EDITORIAL: Inside Washington’s Influence Machine For Autocrats

The views expressed herein represent the views of a majority of the members of the Caravel’s Editorial Board and are not reflective of the position of any individual member, the newsroom staff, or Georgetown University.

Qorvis Communications, a D.C.-based PR firm, filed as a registrant under the Foreign Agents Registration Act (FARA) to work as an agent for countries including Equatorial Guinea, Saudi Arabia, Cyprus, Bahrain, and Yemen.

Qorvis Communications, a D.C.-based PR firm, filed as a registrant under the Foreign Agents Registration Act (FARA) to work as an agent for countries including Equatorial Guinea, Saudi Arabia, Cyprus, Bahrain, and Yemen.

This is the first installment in a planned two-part series on foreign influence.

A glance over the website of Glover Park Group (GPG), a strategic communications consultancy based in Washington, D.C., reveals little about the firm claiming to provide “solutions, not services.” There is an inspirational quote from Supreme Court Justice Sonia Sotamayor below one employee’s bio on the Team page: “None of us can afford to be bystanders in life.”
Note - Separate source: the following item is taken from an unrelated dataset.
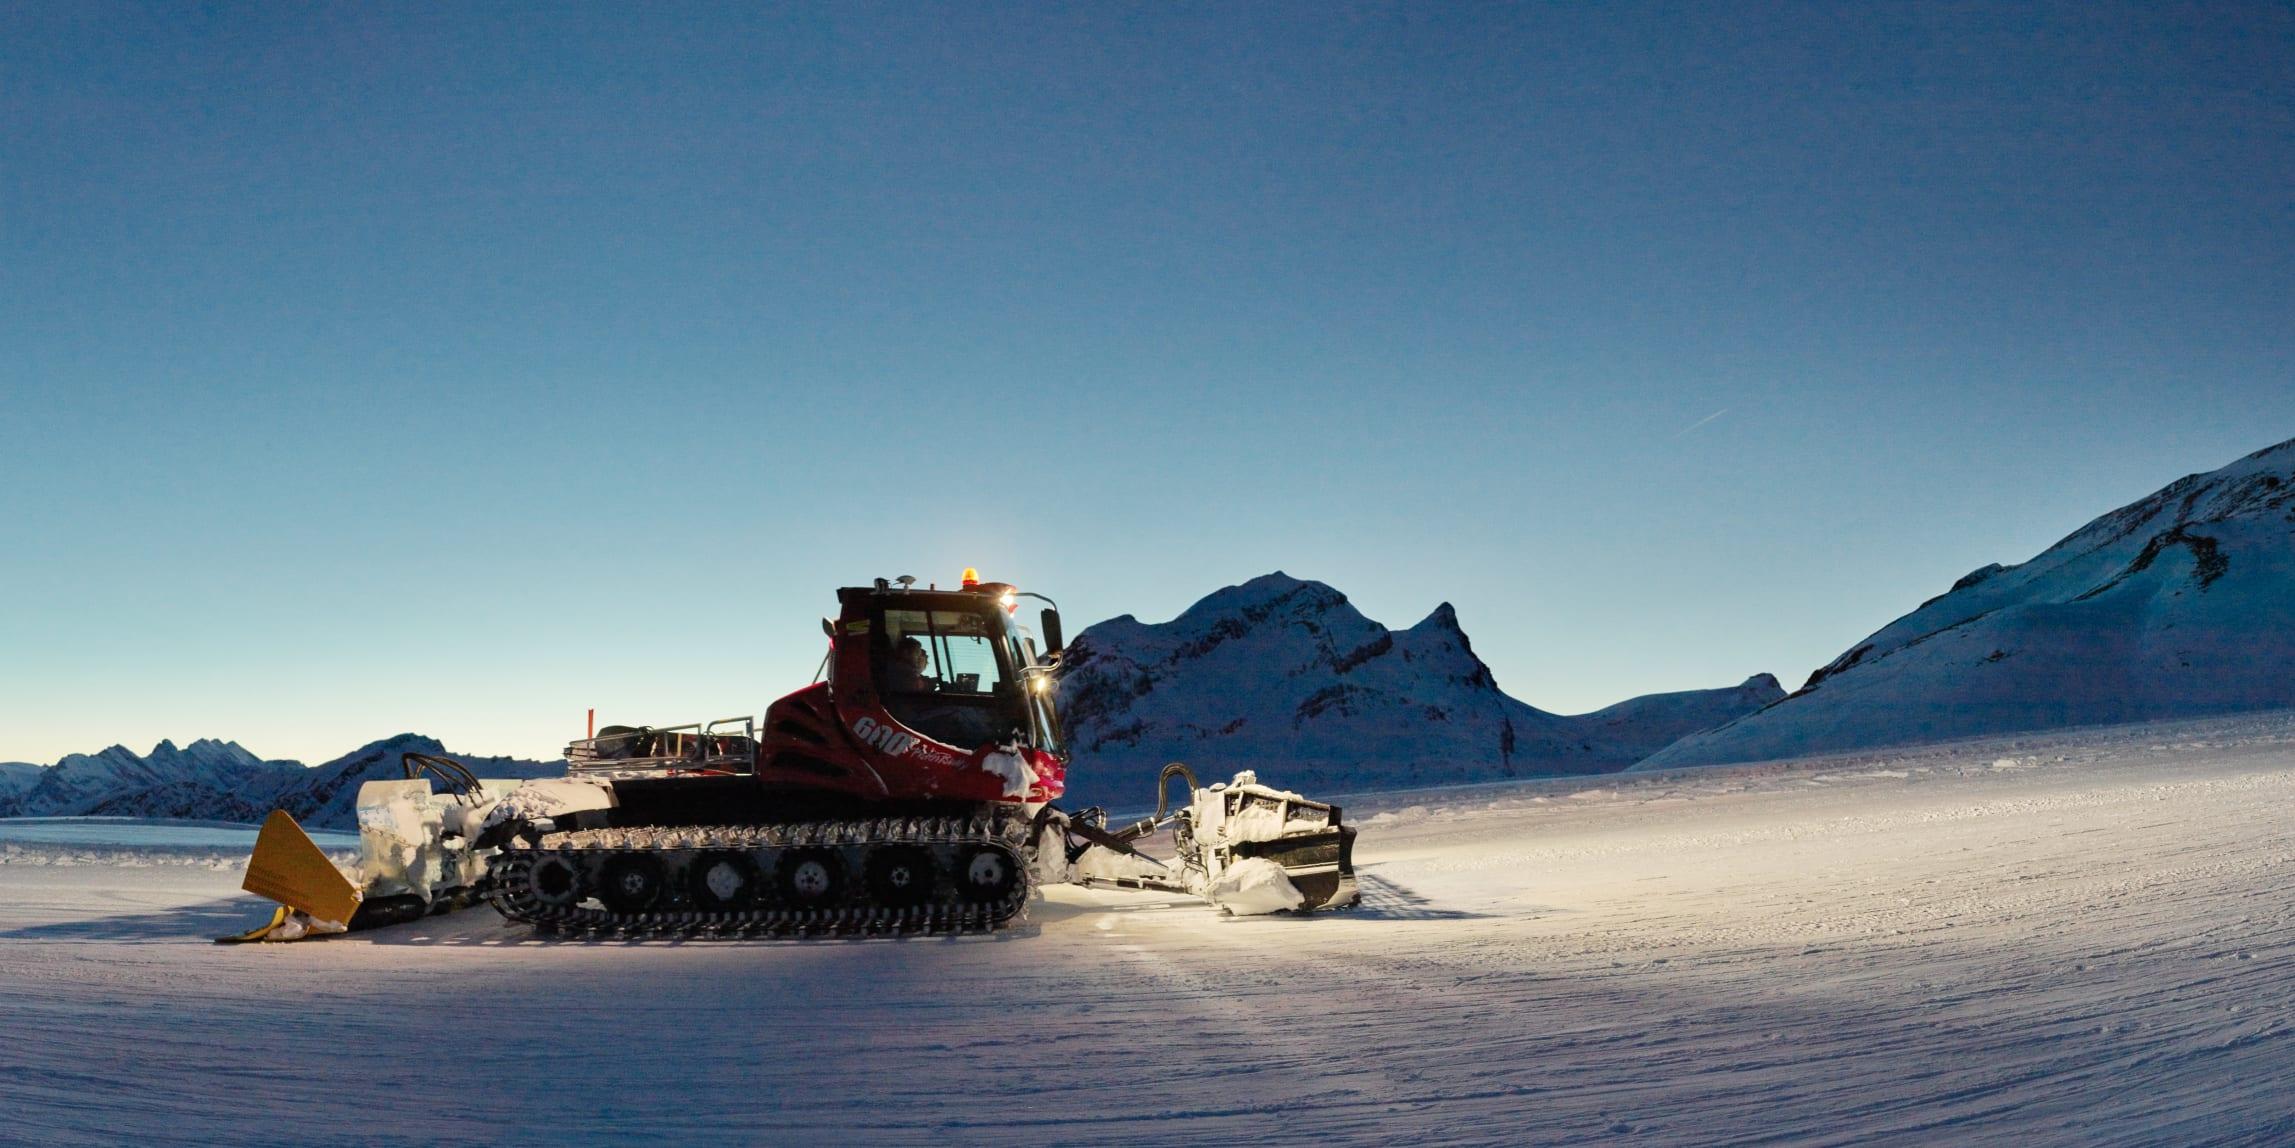 Bahnen-Maschinen, Erlebnisse-Aktivitaeten, Jungfrau-Ski-Region, Pistenbully, Pistenbullyfahren, Skigebiet-Grindelwald-First, Skigebiet-Grindelwald-Wengen, Winter

GPG is something much worse than a bystander. It is an enabler of global human rights abuses. It is deeply involved in one of D.C.’s more niche industries: providing public relations expertise to foreign tyrants with a need to influence Congress and the White House. A bevvy of unassumingly named PR agencies like BGR Government Affairs and MSLGROUP toil behind the scenes to whitewash atrocities around the world and give their troubling clients access to Washington’s power-brokers.

According to the terms of the Foreign Agents Registration Act (FARA) of 1938, “any person who acts as an agent” of a foreign government or political party is required to file notice with the Attorney General within ten days. It also requires that registered foreign agents supplement the record within ten days of any changes to the agreement with their foreign principal or every six months regardless. President Franklin Delano Roosevelt pushed for FARA amid growing fears that Nazi propaganda was infilitrating U.S. politics.

FARA is an imperfect system. The nonpartisan Government Accountability Office (GAO) said in 2008 that the Department of Justice’s FARA division had insufficient resources to maintain accountability for registrants. The nonpartisan Sunlight Foundation, which aims “to make our government and politics more accountable and transparent to all,” reports that FARA has a long history of lax enforcement, noting that “the actual reporting by foreign agents has been inconsistent, often incomplete, and shoddy.”

Many of the companies that register under FARA put profit over country every day. Even worse, they put profit over humanity. Bear with us as we untangle a web of disclosures under FARA and a trove of publically available and morally incriminating information that reveal the repressive governments around the world buying influence from D.C. firms all too happy to oblige.

Turkey

Kurds and Armenians protest against the Turkish government, which has a history of oppressing minority ethnic groups such as theirs. (Wikimedia Commons)

Kurds and Armenians protest against the Turkish government, which has a history of oppressing minority ethnic groups such as theirs. (Wikimedia Commons)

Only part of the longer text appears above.